** Records supplied follows **
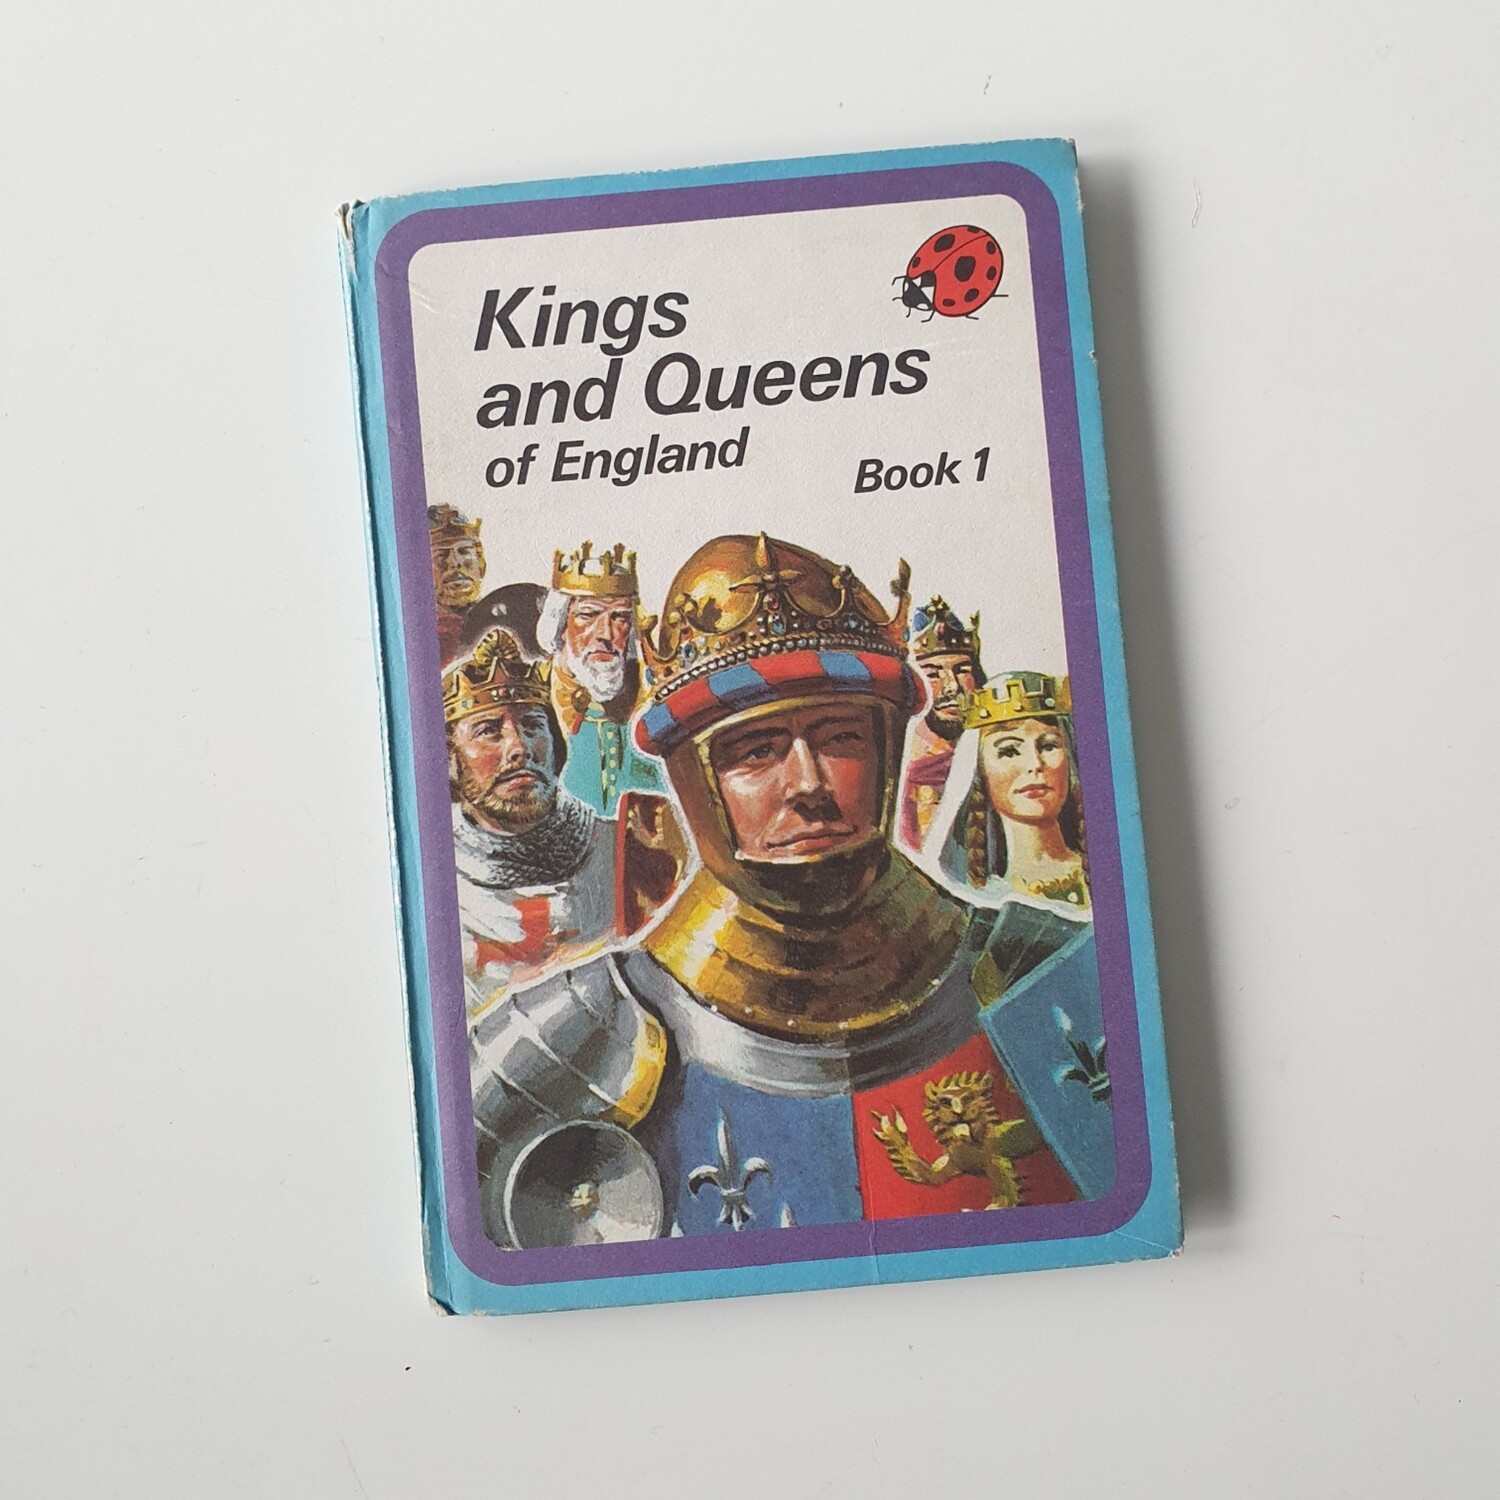 Kings and Queens of England Notebook - Ladybird book
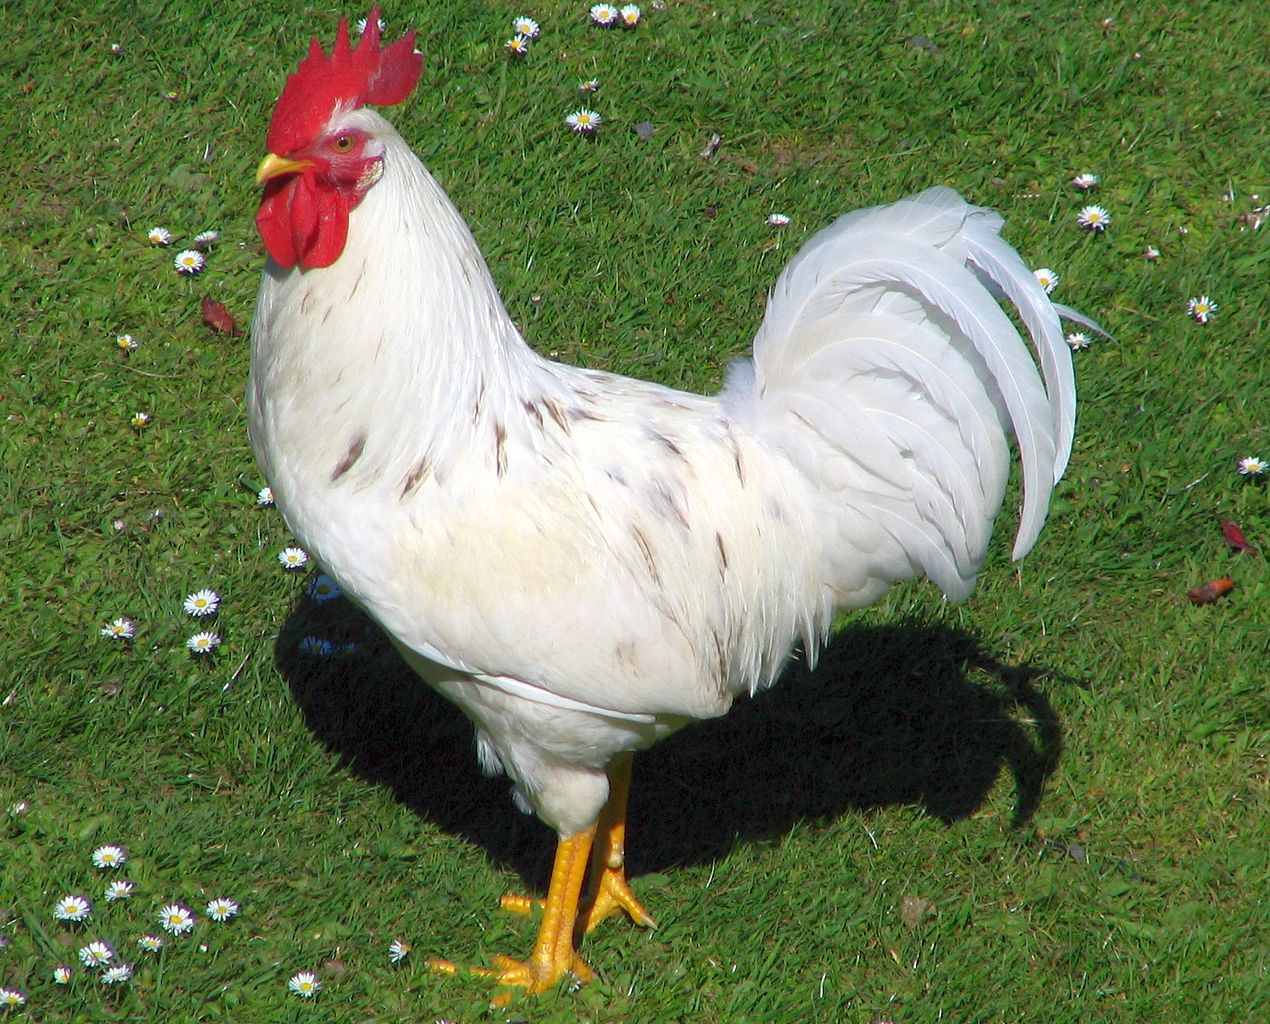 File:Rooster Port Chalmers - Wikimedia Commons
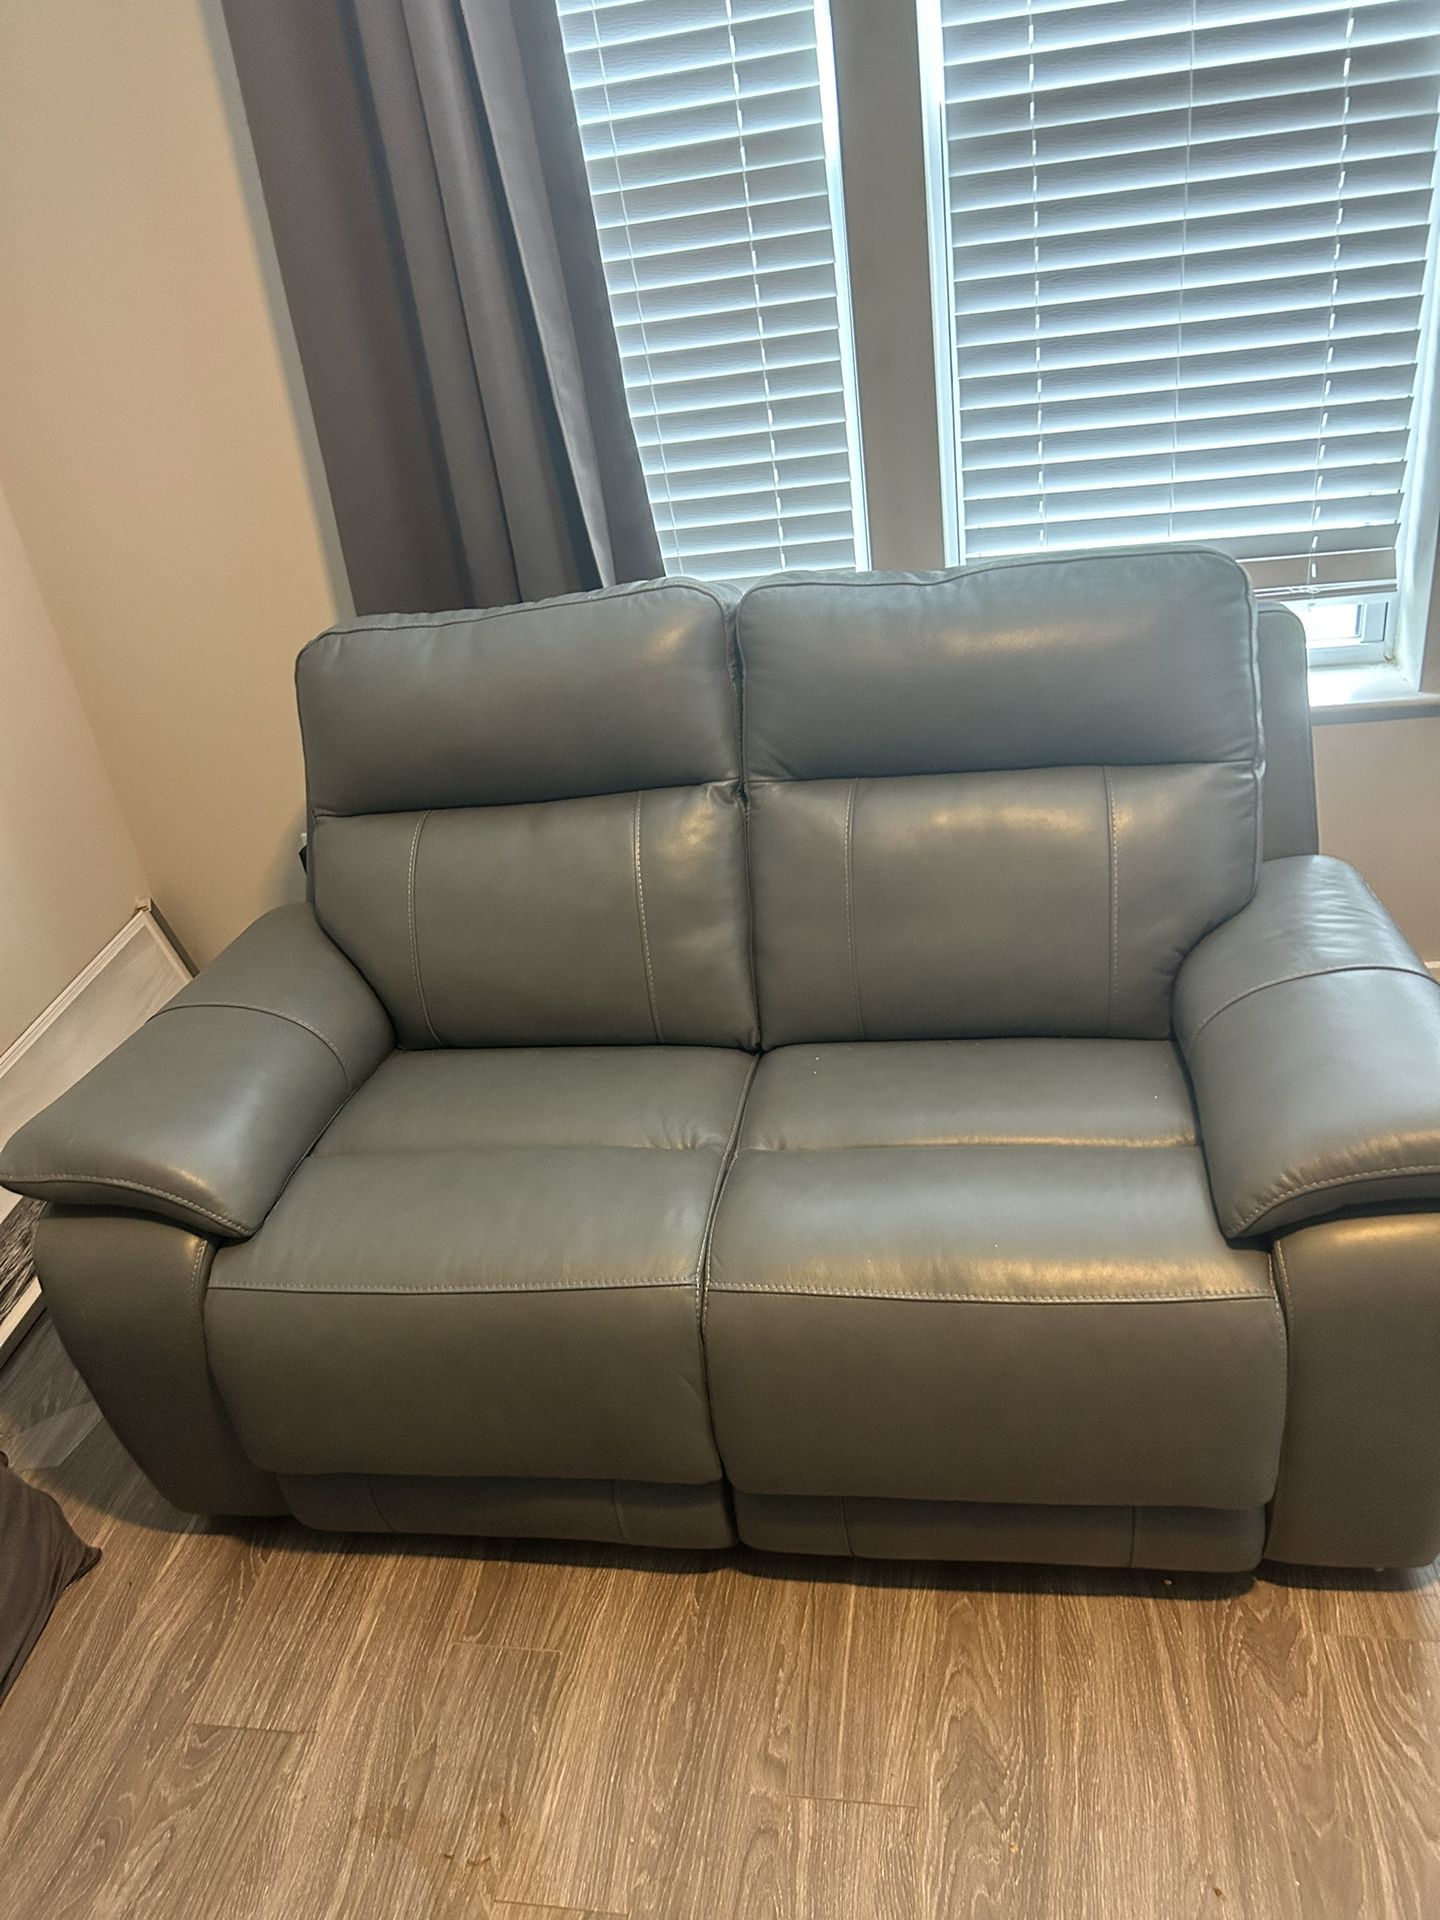 Leather Loveseat Recliner From Rooms To Go
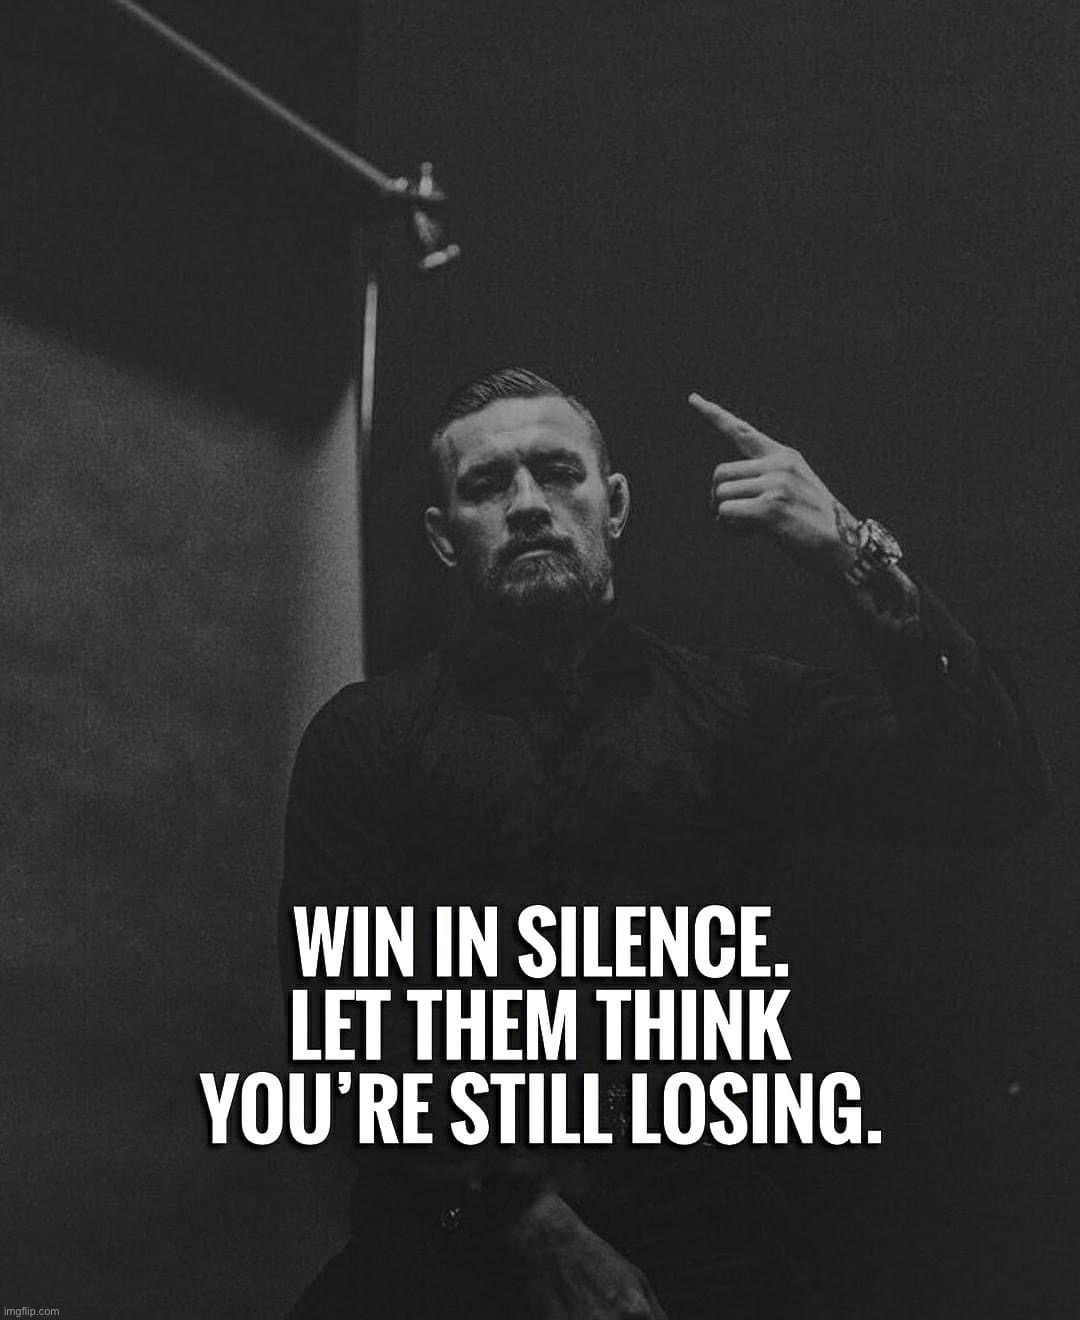 Win in silence let them think you’re still losing | image tagged in win in silence let them think you re still losing | made w/ Imgflip meme maker
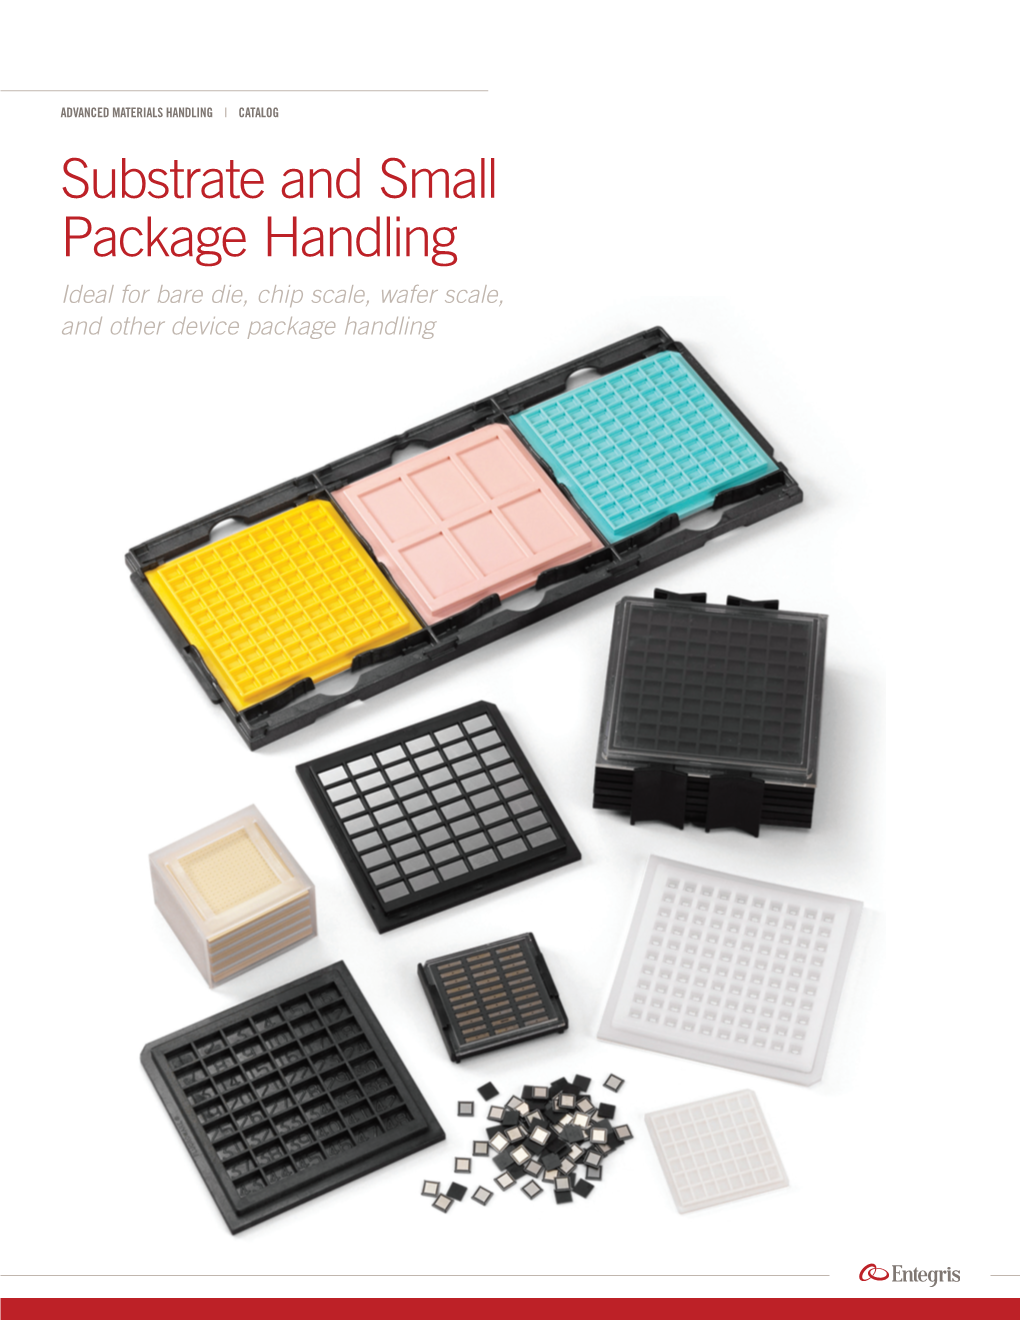 Substrate and Small Package Handling Ideal for Bare Die, Chip Scale, Wafer Scale, and Other Device Package Handling SUBSTRATE and SMALL PACKAGE HANDLING
** End of Records supplied **
Copy each line above precisely, dropping the pictures.

 Kings and Queens of England Notebook - Ladybird book
 File:Rooster Port Chalmers - Wikimedia Commons
 Leather Loveseat Recliner From Rooms To Go
 Win in silence let them think you’re still losing | image tagged in win in silence let them think you re still losing | made w/ Imgflip meme maker
 Substrate and Small Package Handling Ideal for Bare Die, Chip Scale, Wafer Scale, and Other Device Package Handling SUBSTRATE and SMALL PACKAGE HANDLING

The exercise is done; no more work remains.